### What is needed
All of the data, word for word and free of pictures, is the expected result.
===== Raw data =====
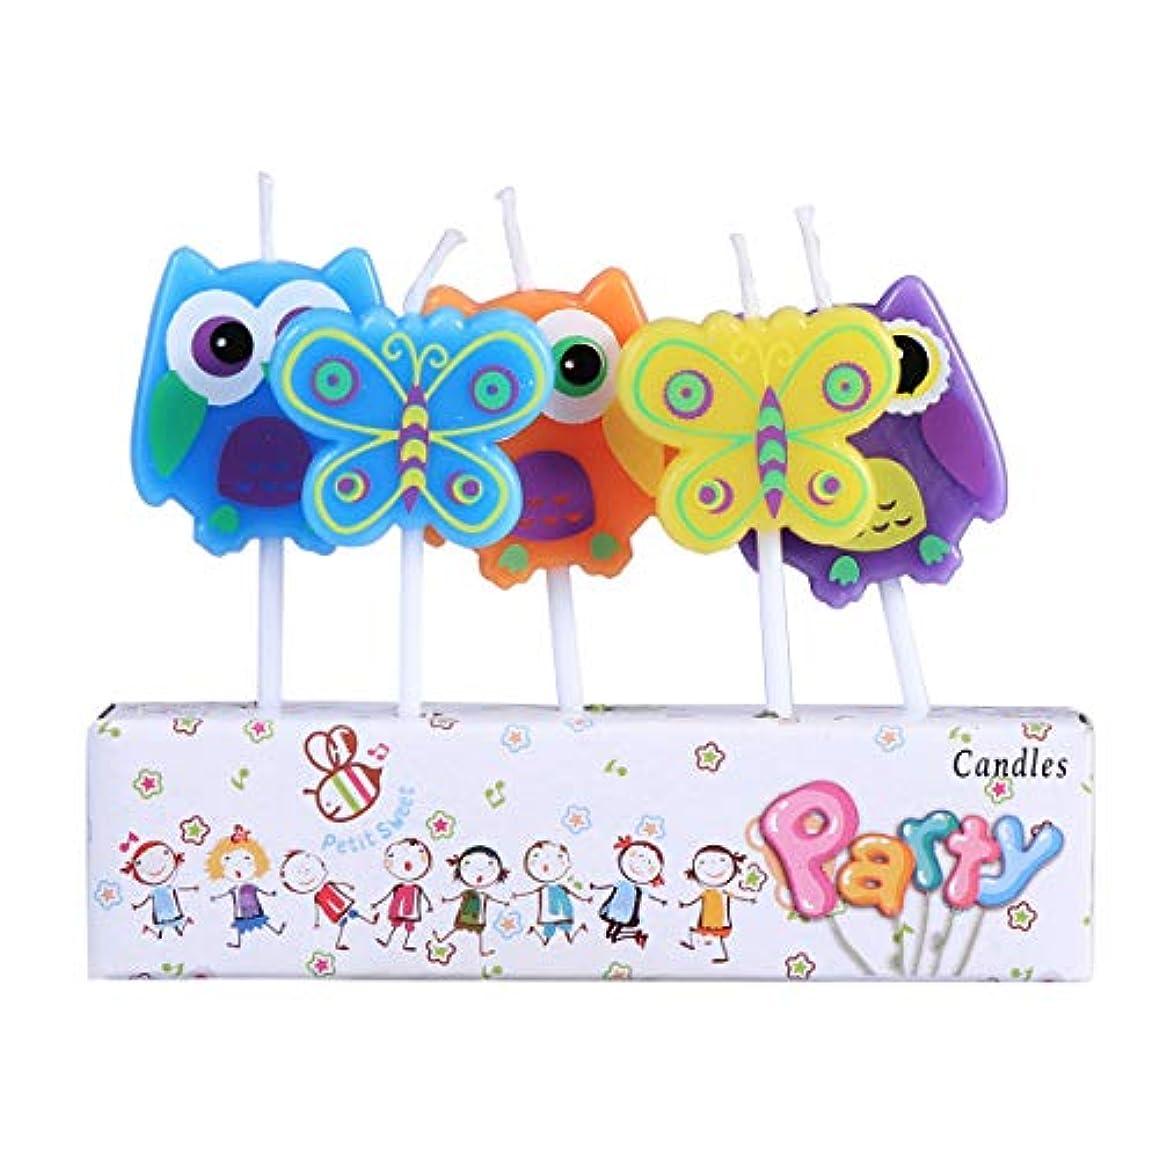 非難ストッキング文字BESTOYARD 子供の誕生日の装飾のための5本の動物の誕生日ケーキのろうそく(フクロウ蝶形)
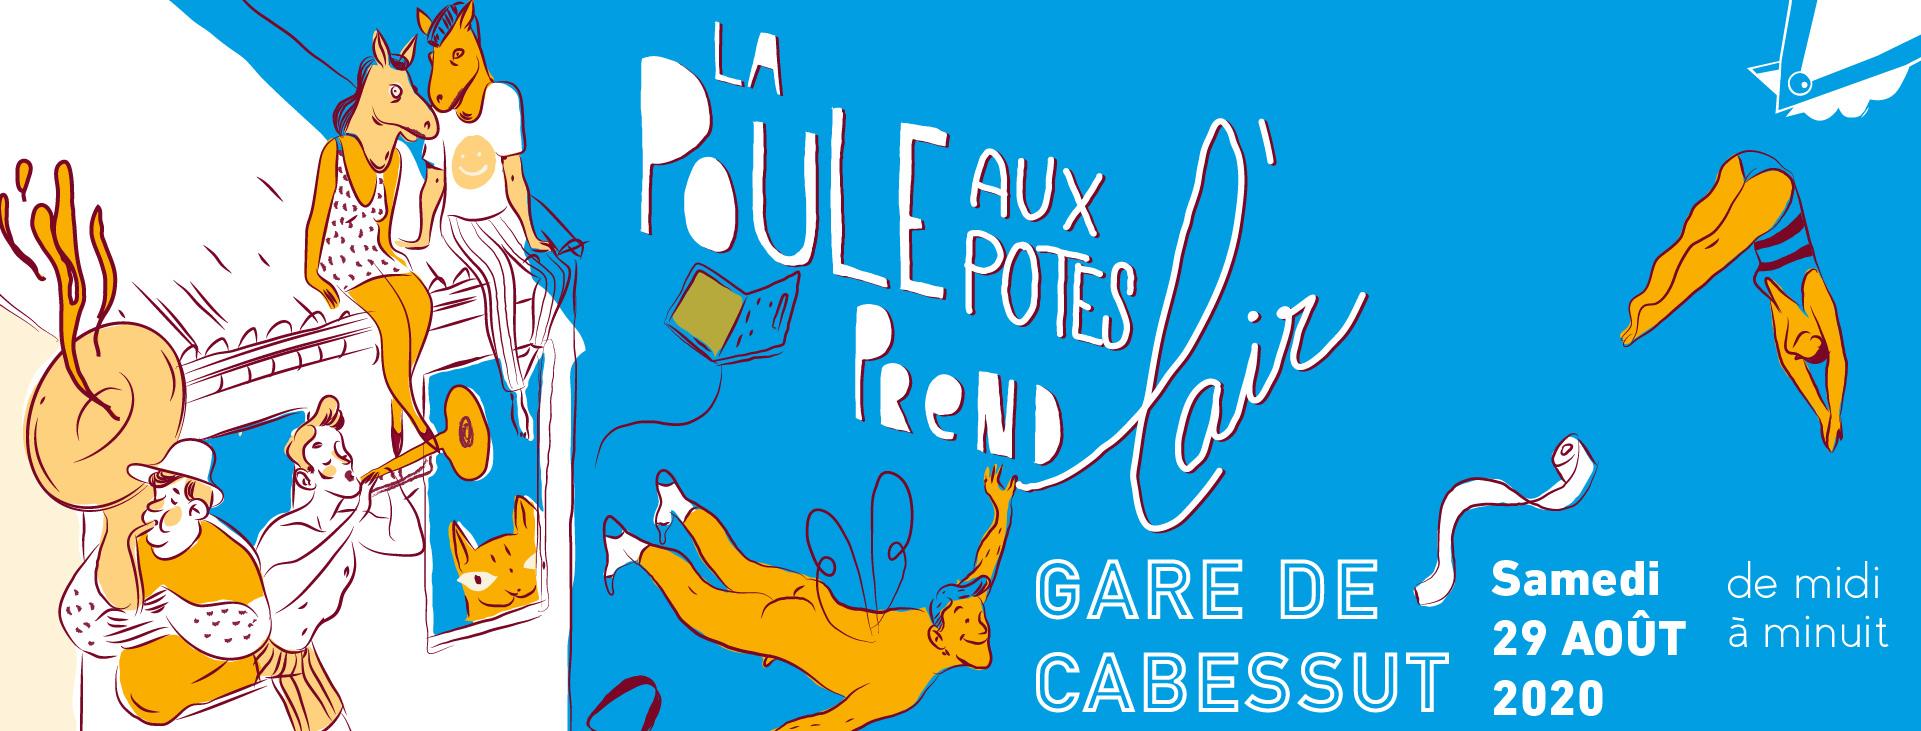 PouleAuxPotes
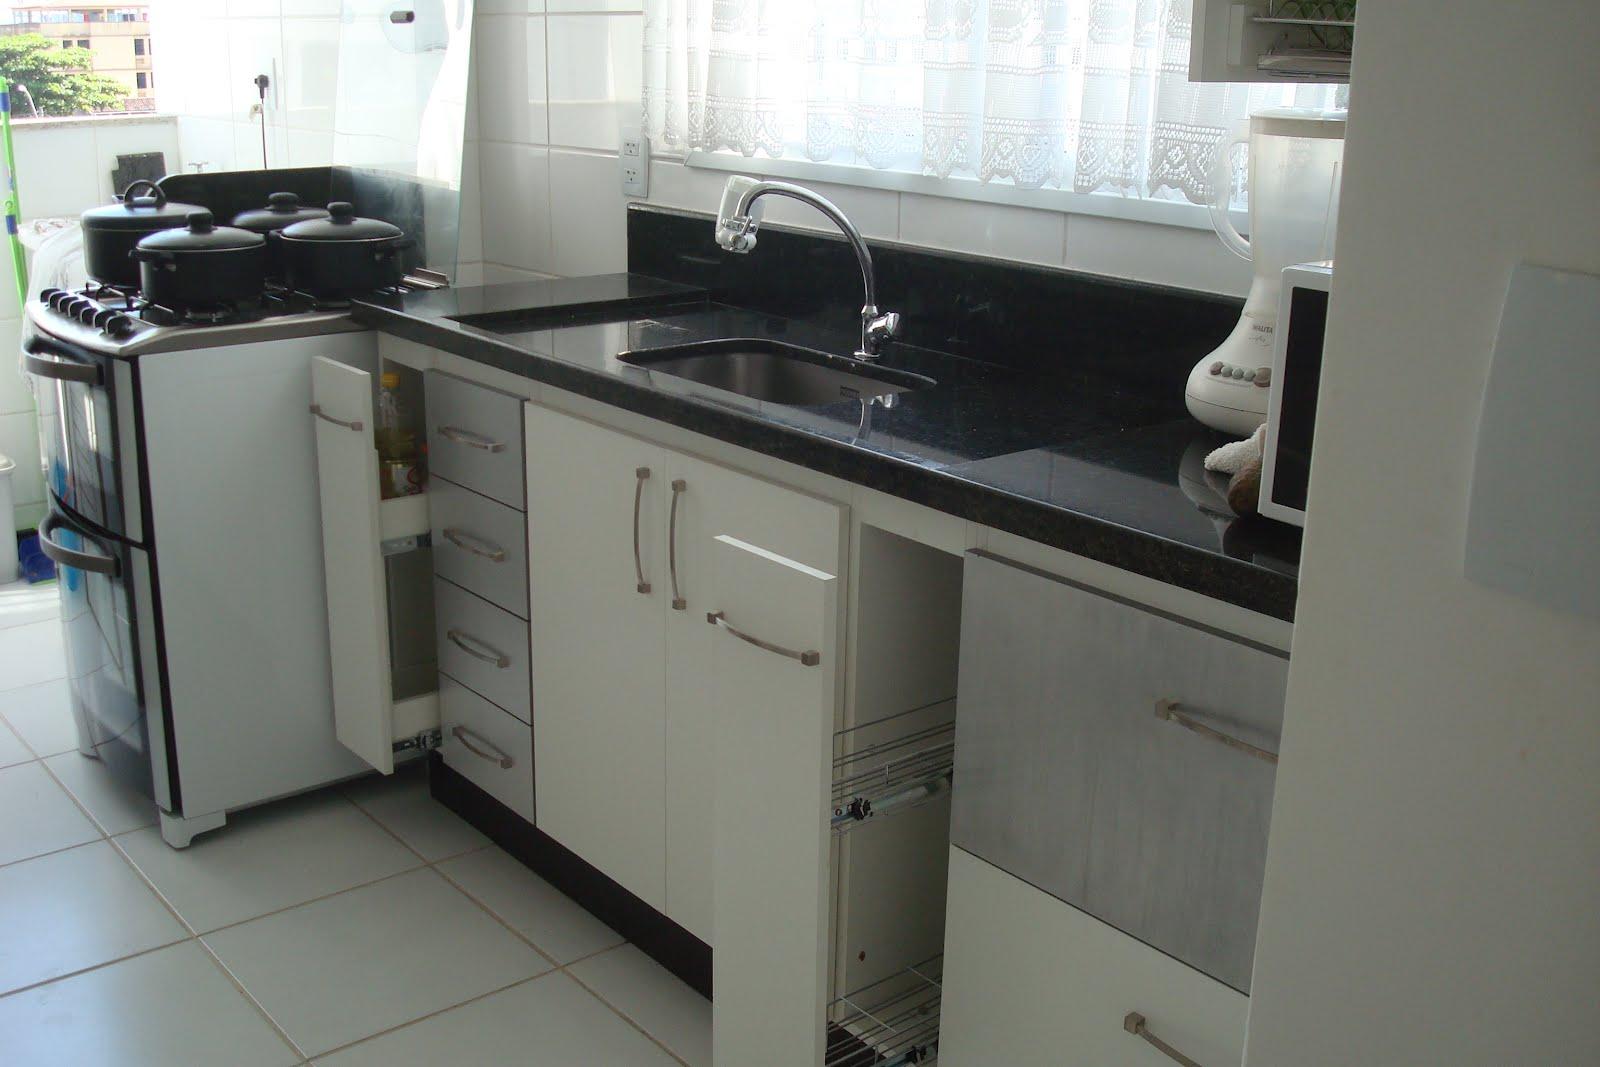 #6A7853 projeto de cozinha planejada em mdf 1600x1067 px Projetos De Cozinha Mdf #365 imagens
=====
### Result of the task
 非難ストッキング文字BESTOYARD 子供の誕生日の装飾のための5本の動物の誕生日ケーキのろうそく(フクロウ蝶形)
 PouleAuxPotes
 #6A7853 projeto de cozinha planejada em mdf 1600x1067 px Projetos De Cozinha Mdf #365 imagens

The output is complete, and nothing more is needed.